Why, I wondered? Well, he explains:
because so much of it is about the joy of exploration, of “the path untraveled.” When you start your steampunk role-play or novel or whatever, you have two choices: senseless ego-masturbation; or actually learning something. You can take what you think you know about the world and make it up from there, or you can go out there and find out what the world is actually like. Nothing worth a damn has ever been created by doing the former. Do you want your creation to be worth a damn?
His language is pretty strong and his premise (“The world as we’ve been taught it — society, history, race, gender, everything — is bullshit designed to ensure those with power keep it and those without power are gratefully subservient to those who do have it.”), I think, quite misguided, but in his opinion lays the crux: the activists want steampunk to be “worth a damn.”
The rest of us, we’re colonizing the past just to have fun.
Unique
From a political perspective, steampunk, to us, isn’t any different from Star Trek. We can derive inspiration from either, but we don’t regard them as political statements on their merits.
If you do, though, you have to explain what makes your genre special.

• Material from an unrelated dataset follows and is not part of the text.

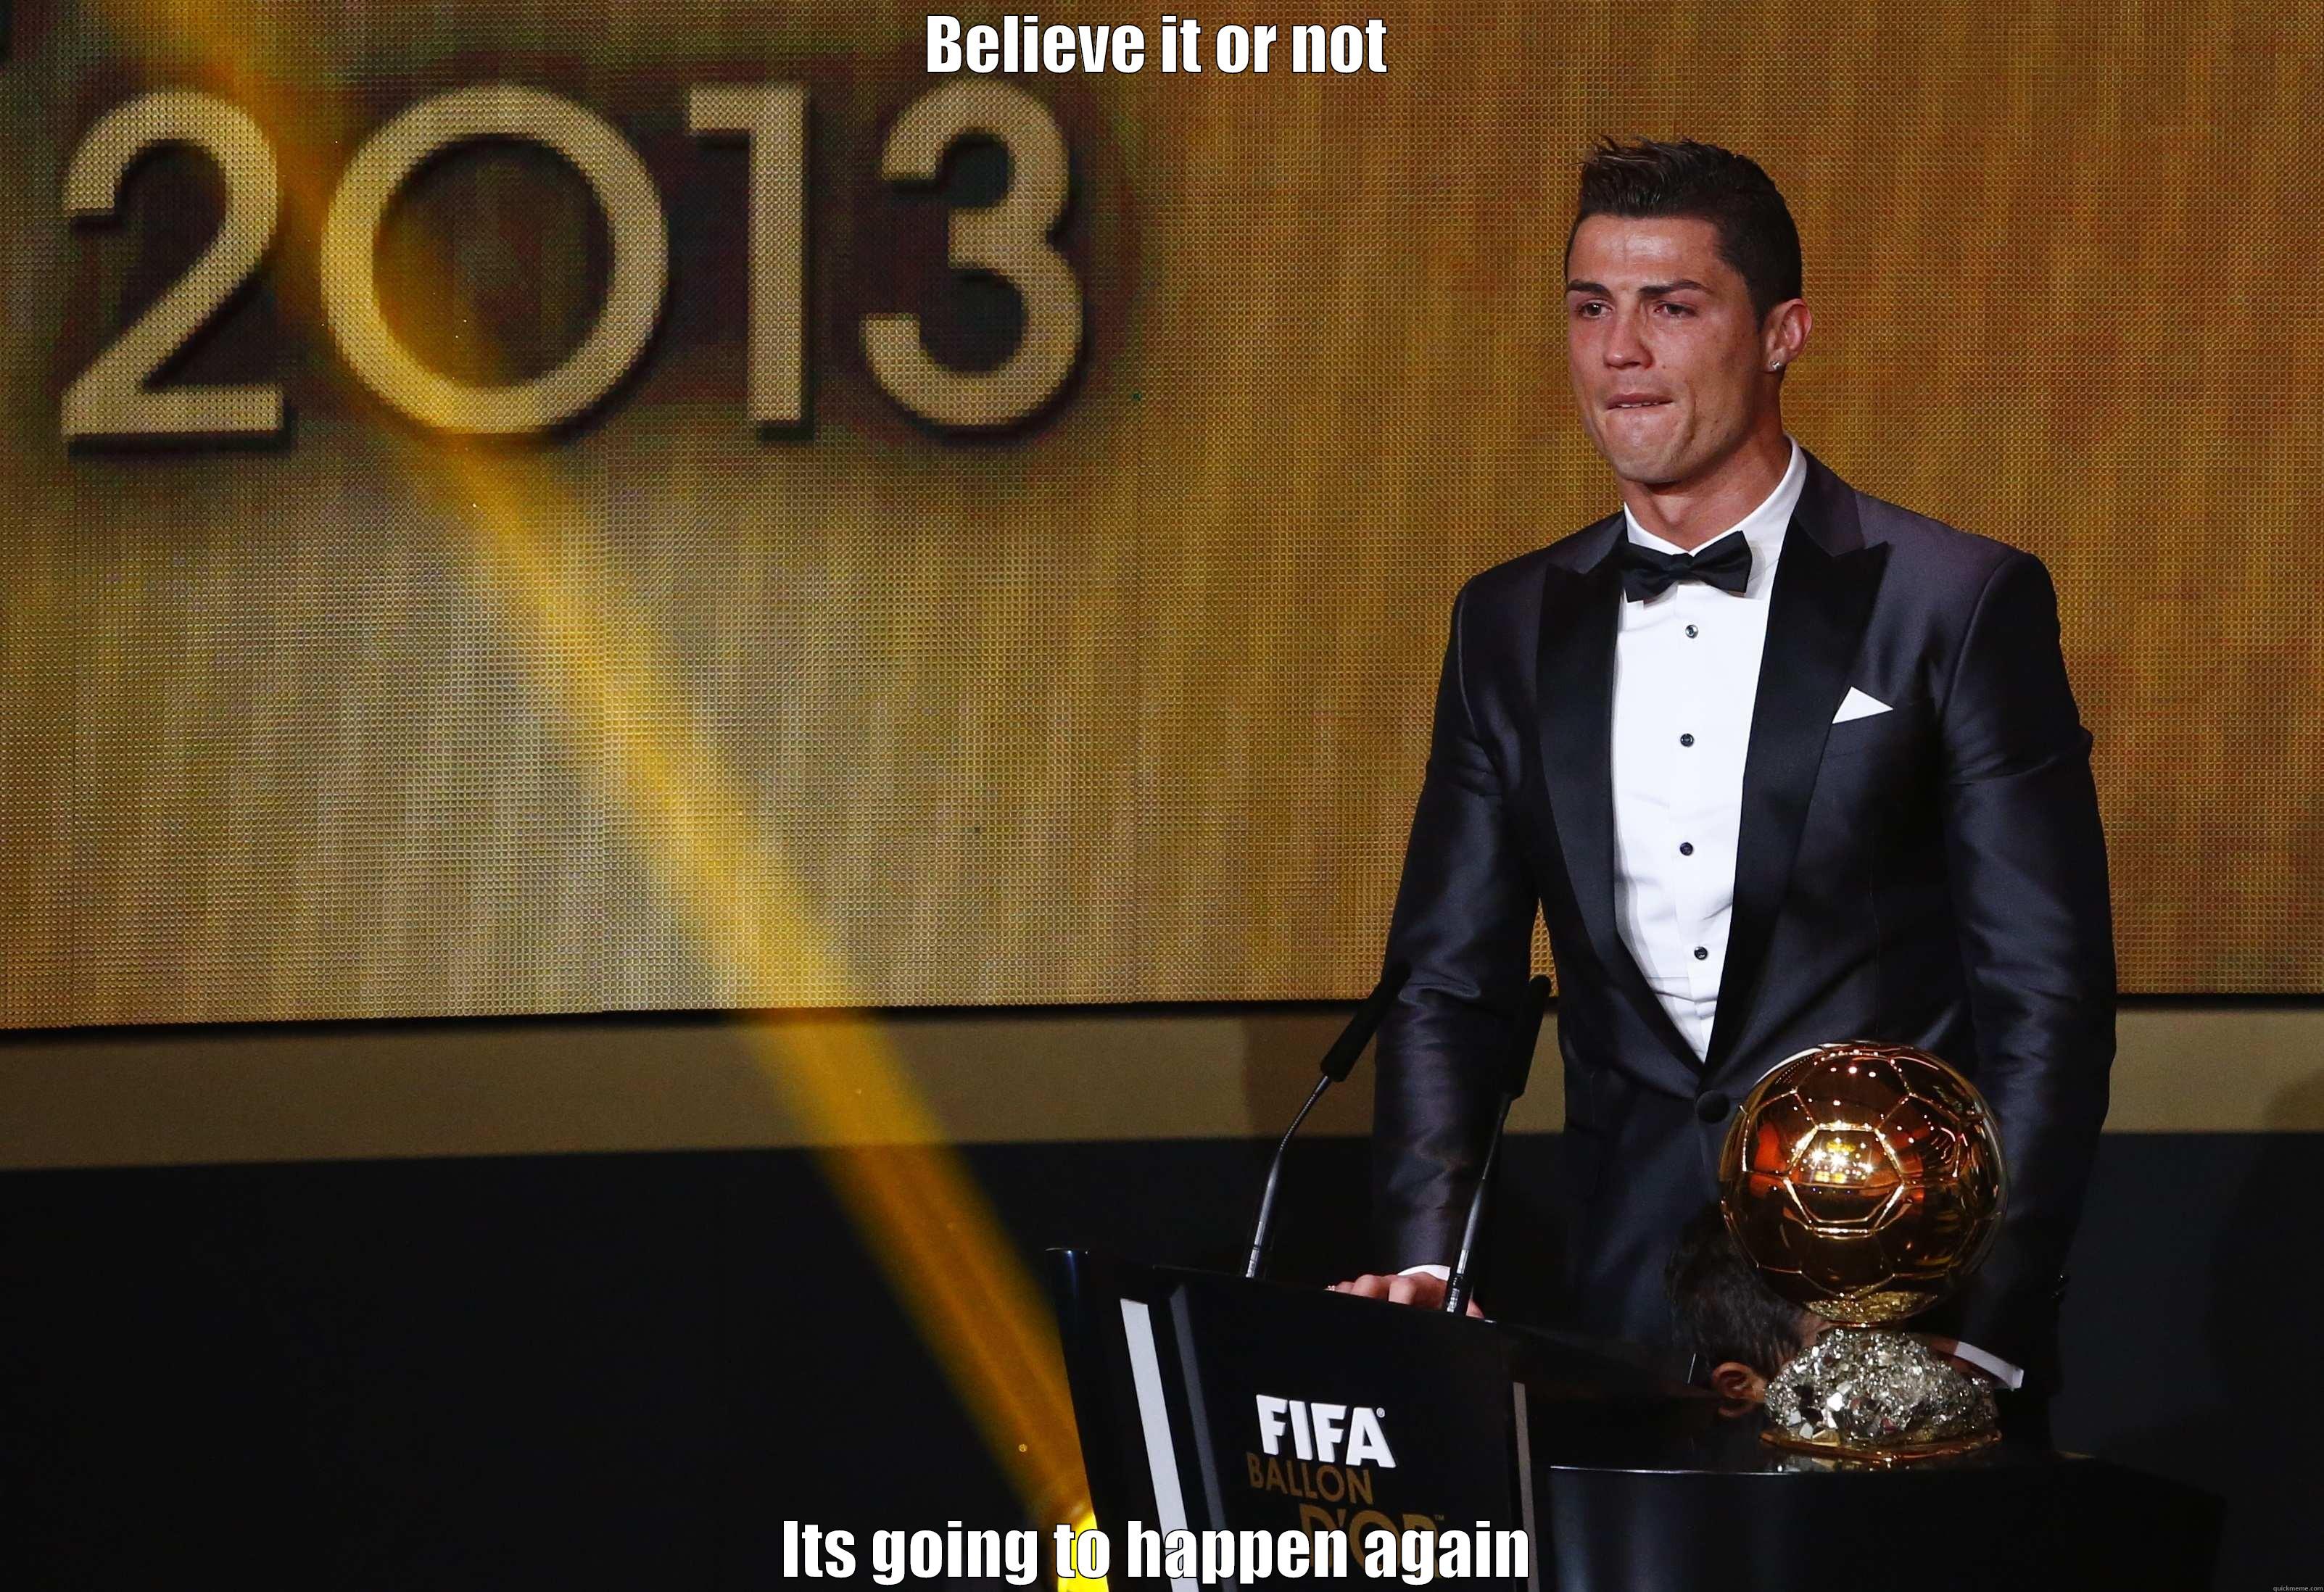 cr7 best of the world  - BELIEVE IT OR NOT ITS GOING TO HAPPEN AGAIN Misc

In this sense, Dylan’s talk about the “joy of exploration” does seem a little weak. This isn’t unique to steampunk
My conclusion: steampunk isn’t any different from most genres or cultures on a theoretical level, but maybe somebody can tell me what makes steampunk stand out — and what justifies it being labeled as a movement for “change.”
Whatever that is.
1 Comment
Add YoursConsider another genre: Crime novels have been written from a right-wing perspective, from a left-wing perspective, from no apparent political position, for pure entertainment, as an intellectual puzzle, to describe/investigate some philosophical/religious question (Fader Brown: Catholicism according to Chesterton; I’ve been recommended Rabbi Small as an introduction to Jewish thinking), etc., etc. Surely, the same is true for steampunk: it all depends on who the writer is and who the reader is; you can write steampunk to make a political point (libertarian, marxist, green, or anything in between), encourage kids to become engineers, to tell a good yarn, and lots more, and lots of it at the same time. If you as a reader are obsessed with politics, you will most likely interpret everything you read & see in political terms; if you are a true believer in some ideology, that ideology is likely to colour your interpretation.
(And, of course, being fun and addressing serious (for any definition of serious) questions are not mutually exclusive: Terry Pratchett for one usually succeeds in being seriously funny and making serious points at the same time.)
If anyone can provide a political interpretation of my steampunk’d anachronistic pastiche of a late 19th century model yacht, I’d be impressed.
“The joy of exploration, the path untravelled”: doesn’t that describe a lot if not all of science fiction, a large chunk of fantasy, and a fair portion of crime (an exploration to find out the truth: who did it how and why). Not exactly exclusive to steampunk.
“You can take what you think you know about the world and make it up from there”: that covers mathematics and a lot of philosophy, right? Can’t say I would describe either as worthless.
No, there seems to be nothing exceptional about steampunk (as a genre or aesthetic). On the other hand, there seems to be something that makes people that are hard not to notice argue that it is exceptional, that it is inherently political in a certain way, and that those who in any way disagree are wrong, misguided, and long list of other insults. But what that is, I do not know.